Once you experience yourself as everything, or everything as yourself, after that, nobody has to tell you how to be in this world. If you experience all the people here as part of yourself, does anybody have to teach you morals as to how to be? Does anybody have to tell you, don't harm this person; don't kill this person; don't rob this person - would it be needed for you? So when you are in yoga, you experience everything as a part of yourself, and that's liberation; that's mukthi; that's ultimate freedom.
[Jaggi Vasudev]

What Excatly is Yoga?
It is something you will have to be. Yoga is not a philosophy. It is not a religion, it is not something you can think about.

Yoga is not a scripture. It is a discipline. It is something you have to do. It is not curiosity; it is not philosophic speculation. It is deeper than that. It is a question of life and death.

Yoga is a pure science just like mathematics, physics or chemistry. It is a pure mathematics of the inner being. So any human being can be a yogi, no matter what their sex, colour, creed, religion, caste, age or any belief is.

Definition of Yoga
'YOGA IS THE CESSATION OF MIND.' (Chittavrittinirodha.)
When mind ceases, you are established in your witnessing self. The word 'mind' covers all - your egos, your desires, your hopes, your philosophies, your religions, your scriptures. 'Mind' covers all. Whatsoever you can think is mind. All that is known, all that can be known, all that is knowable, is within mind. Cessation of the mind means cessation of the known, cessation of the knowable. It is a jump into the unknown. When there is no mind, you are in the unknown. Yoga is a jump into the unknown. It will not be right to say 'unknown'; rather, 'unknowable'.

Yoga & Zen
In the West now, there is much appeal for Zen - a Japanese method of yoga.

The word "zen" comes from dhyana. Bodhidharma introduced this word dhyana in China. In China the word dhyana became jhan and then chan and then the word traveled to Japan and became zen. The root is dhyana. Dhyana means no-mind, so the whole training of Zen in Japan is of nothing but how to stop minding, how to be a no-mind, how to be simply without thinking.

Yoga & Sufism
Sufism is still not a complete system. Many things are lacking in it, and they are lacking because of the stubborn attitude of Mohammedans. They won?t allow it to evolve to its peak and climax. And the Sufi system has to follow the pattern of Islam religion. Because of that structure of Mohammedan religion, the Sufi system couldn?t go beyond it.

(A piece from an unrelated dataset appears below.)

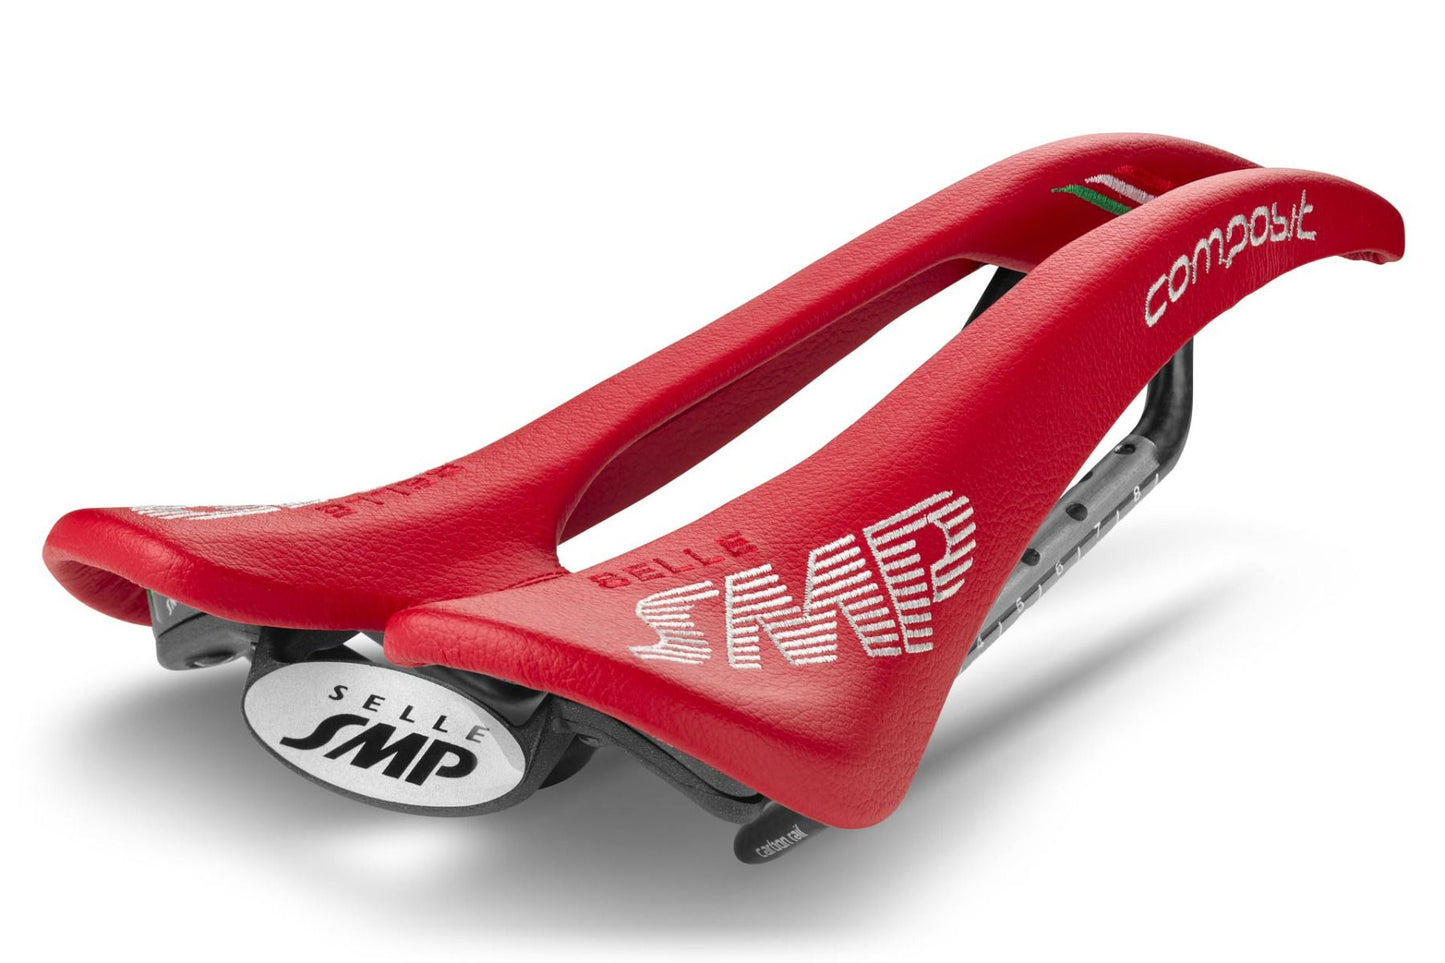 Selle SMP Composit Saddle with Carbon Rails (Red)
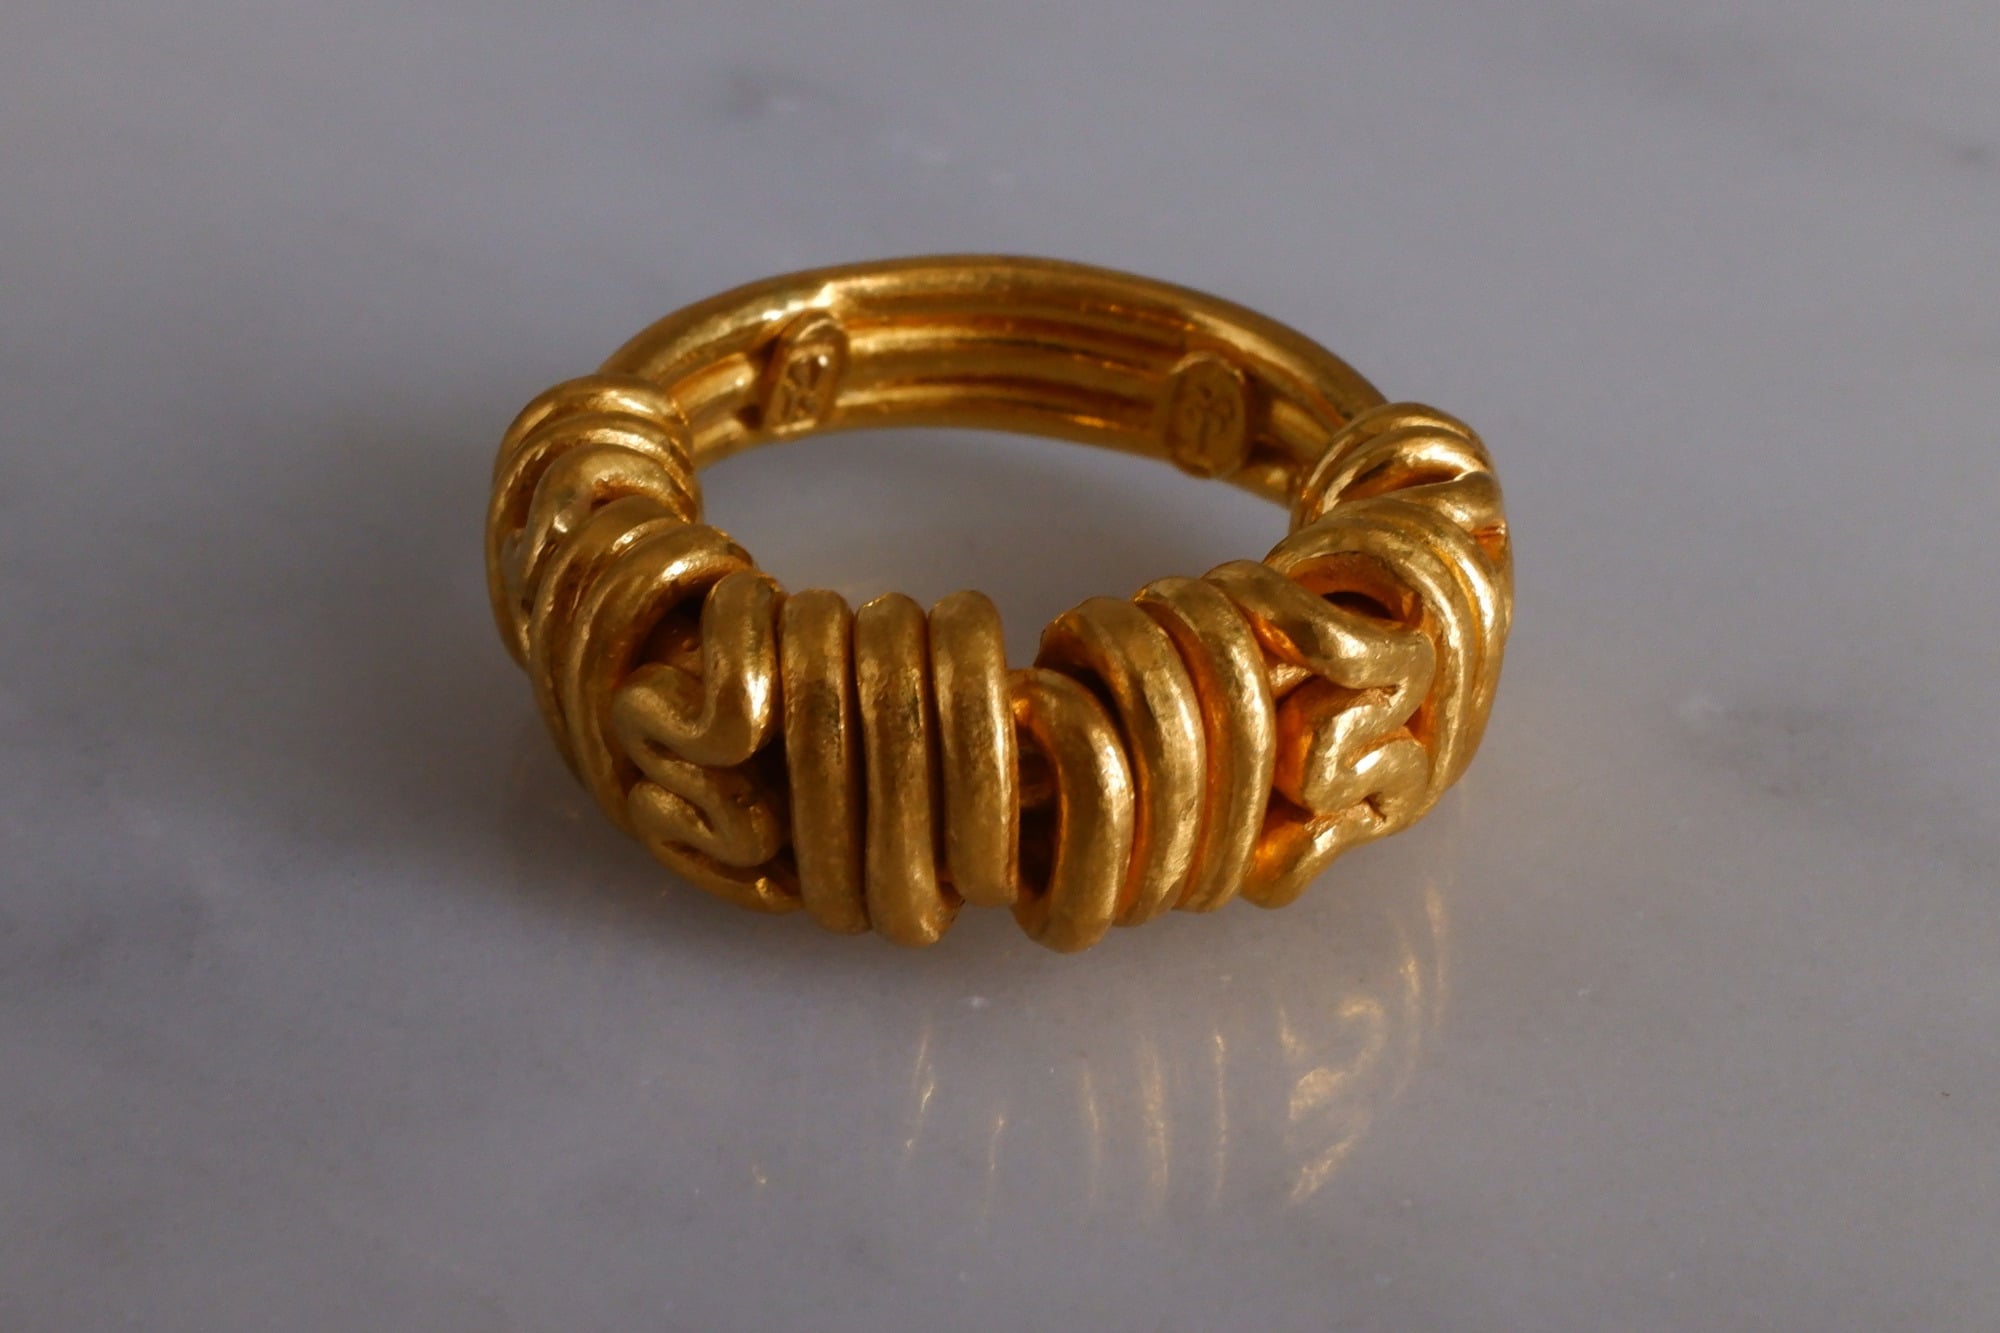 Puzzle Ring Mens, thick gold ring mens, 24k solid gold ring mens, 24k gold ring singapore, historical gold jewelry, sijs

Sometimes through accident people have come to know the divine and feel the divine. But then they go mad because they are not disciplined to receive such a great phenomenon. They are not ready. They are so small, and such a great ocean falls in them. This has happened. In the Sufi system they call such persons madmen of the God - masts, they call.

They are not Buddhalike, they are not enlightened. And it is said that for masts, for these happy ones who have gone mad, a very great Master is needed because now they cannot do anything with themselves. They are just in confusion ? happily in it, but they are a mess. They cannot do anything on their own. Many masts are there. Masters like Meher Baba used to travel and even live in madhouses, and they help and serve the masts, the mad ones. And many of them came out of their madness and started their journey toward enlightenment.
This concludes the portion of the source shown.